二零一六年的初夏,蝉鸣还没攀上最聒噪的顶峰,但高三(一)班的空气里,己经弥漫着一种混合着粉笔灰、试卷油墨和淡淡汗味的焦灼。
阳光透过老旧的窗格,在空气中切割出明暗交错的光柱,无数尘埃在其中无声飞舞、沉浮。
顾倾觉得,自己就是这其中一粒。
不起眼,无足轻重,是班级花名册上需要停顿一秒才能想起的存在。
她的座位在教室最后一排的角落,一个天然的观察点,像一个默片时代的导演,安静地架设着她的“机位”。
她的“取景框”里,主角只有一个——傅沉。
他坐在斜前方第三排靠窗的位置,此刻正微微侧着头,听着窗外篮球场上的喧嚣。
阳光恰好落在他棱角分明的侧脸上,勾勒出挺拔的鼻梁和微抿的薄唇,睫毛很长,在眼睑下投下一小片淡淡的阴影。
他只是随意地坐在那里,就像吸走了周围所有的光。
“咔嗒。”
一声极轻微的、几乎是幻觉的快门声,在顾倾心底响起。
她在脑中的“导演笔记”上记录:场景:高三教室。
光位:侧逆光。
人物:傅沉。
情绪:疏离,略带不耐。
可用。
是的,导演。
顾倾最大的秘密,不是她垫底的成绩,不是她那个在下岗边缘挣扎的家庭,而是她脑子里那个疯狂而执着的梦想——她要成为一名导演,用镜头讲故事的导演。
这个梦想,与这个灰扑扑的县城中学,与她这个“差生”的身份,格格不入到了可笑的地步。
“喂,顾倾,发什么呆呢!”
同桌用胳膊肘碰了她一下,压低声音,“‘灭绝师太’看你呢!”
顾倾猛地回神,低下头,假装盯着面前摊开的数学试卷。
那上面密密麻麻的符号,在她眼里如同天书。
她能精准地在脑海中构建一个画面的构图、光影和调度,却解不出一道最简单的三角函数题。

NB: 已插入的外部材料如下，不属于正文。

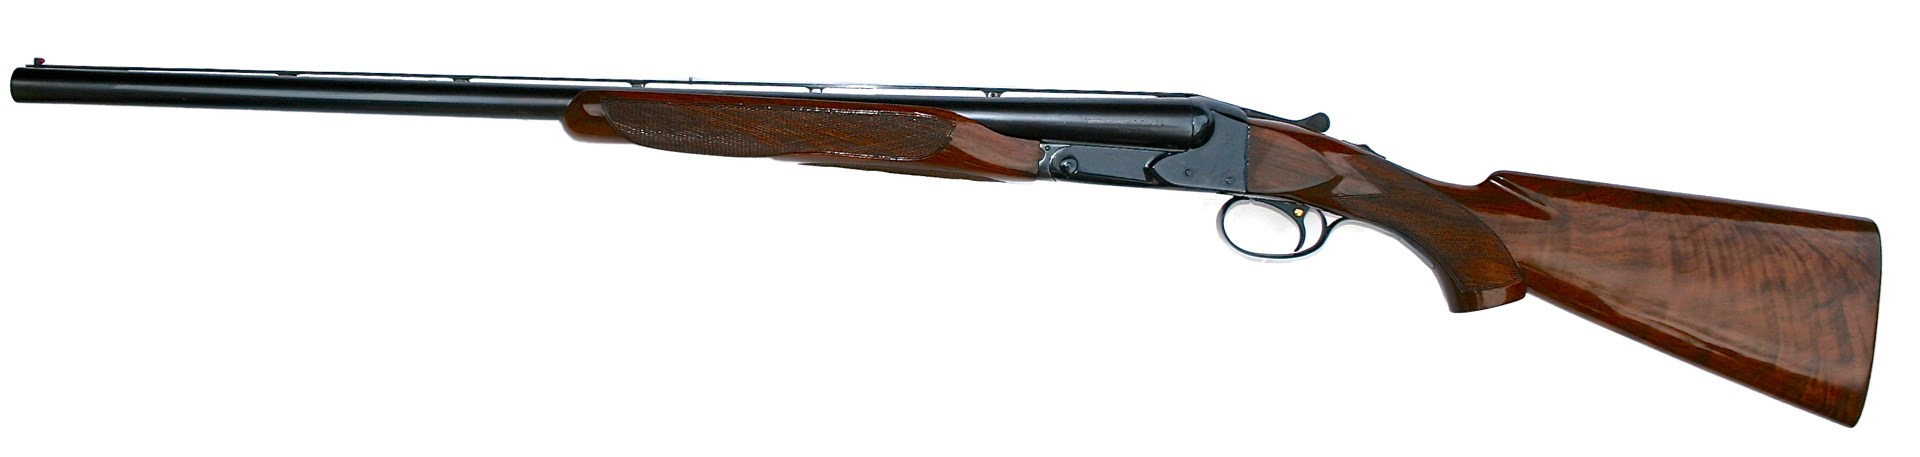 The author’s Winchester Skeet Model 21, with 26” barrels and ventilated rib, was shipped from the factory on Dec. 12, 1946.
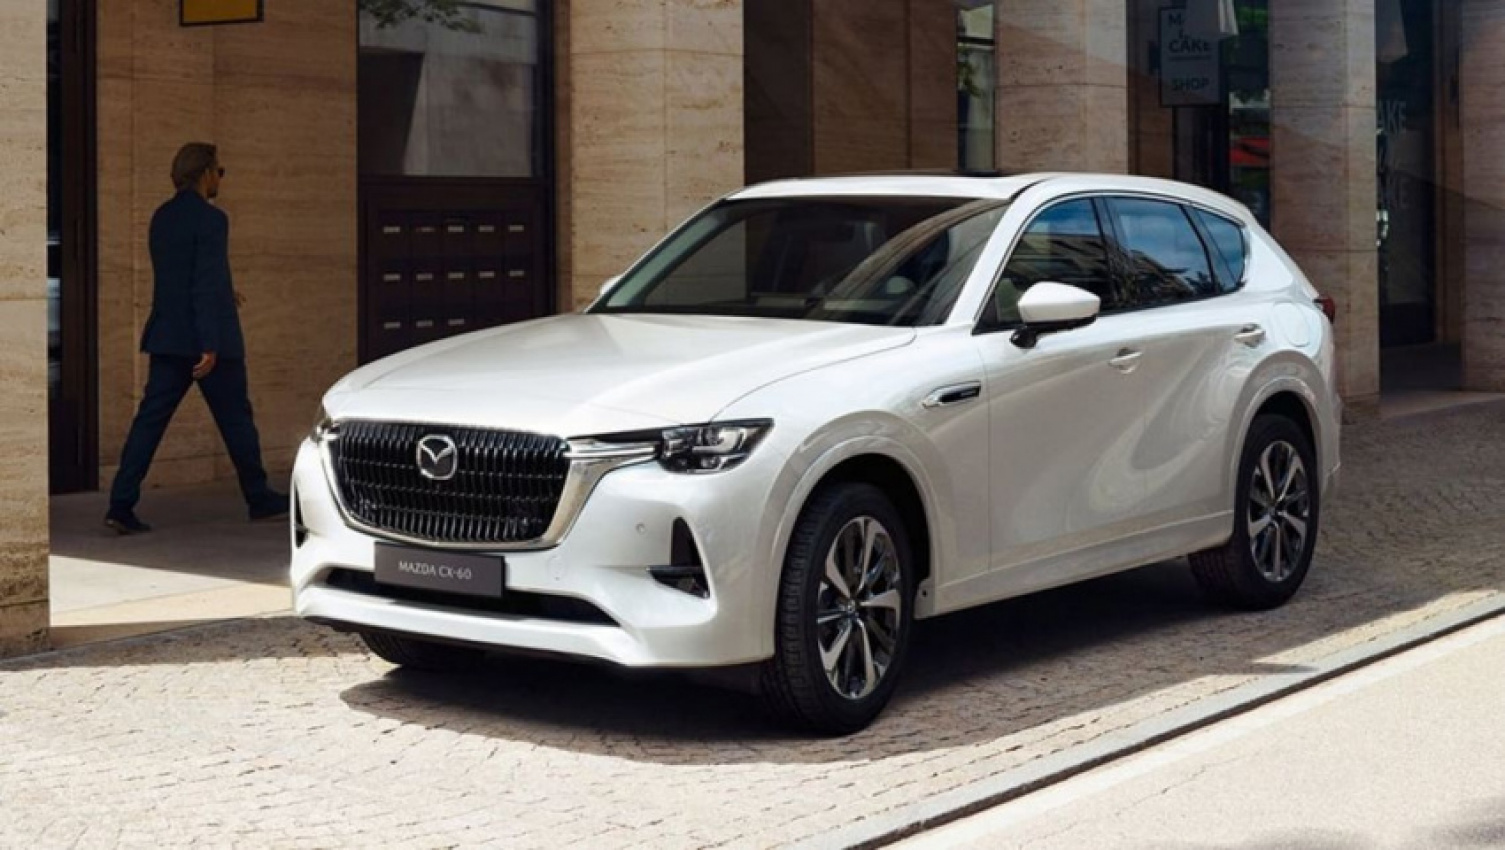 autos, bmw, cars, lexus, mazda, mercedes-benz, family cars, green cars, hybrid cars, industry news, mazda cx-60, mazda cx-60 2022, mazda news, mazda suv range, mercedes, plug-in hybrid, prestige & luxury cars, showroom news, 2022 mazda cx-60 positioned to stem buyers going upmarket to mercedes-benz, bmw and lexus

讲台上,数学老师兼班主任李老师,也就是被私下称为“灭绝师太”的中年女人,扶了扶眼镜,目光严厉地扫过全场:“有些同学,不要以为快毕业了就放飞自我!
高考是你们唯一的出路!
现在不拼命,将来就只能……”后面的话,顾倾没听清。
她眼角的余光瞥见,傅沉几不可查地蹙了下眉,手指间转动的笔停顿了一下。
他似乎也对这种陈词滥调感到厌烦。
他的一切细微表情,在她这里都是被放大、解读的特写镜头。
下课铃像一声赦令,骤然响起。
原本安静的教室瞬间炸开锅。
几乎在同一时间,几个妆容精致、穿着时髦裙子的女生,如同被磁石吸引般,呼啦一下围到了傅沉的座位旁。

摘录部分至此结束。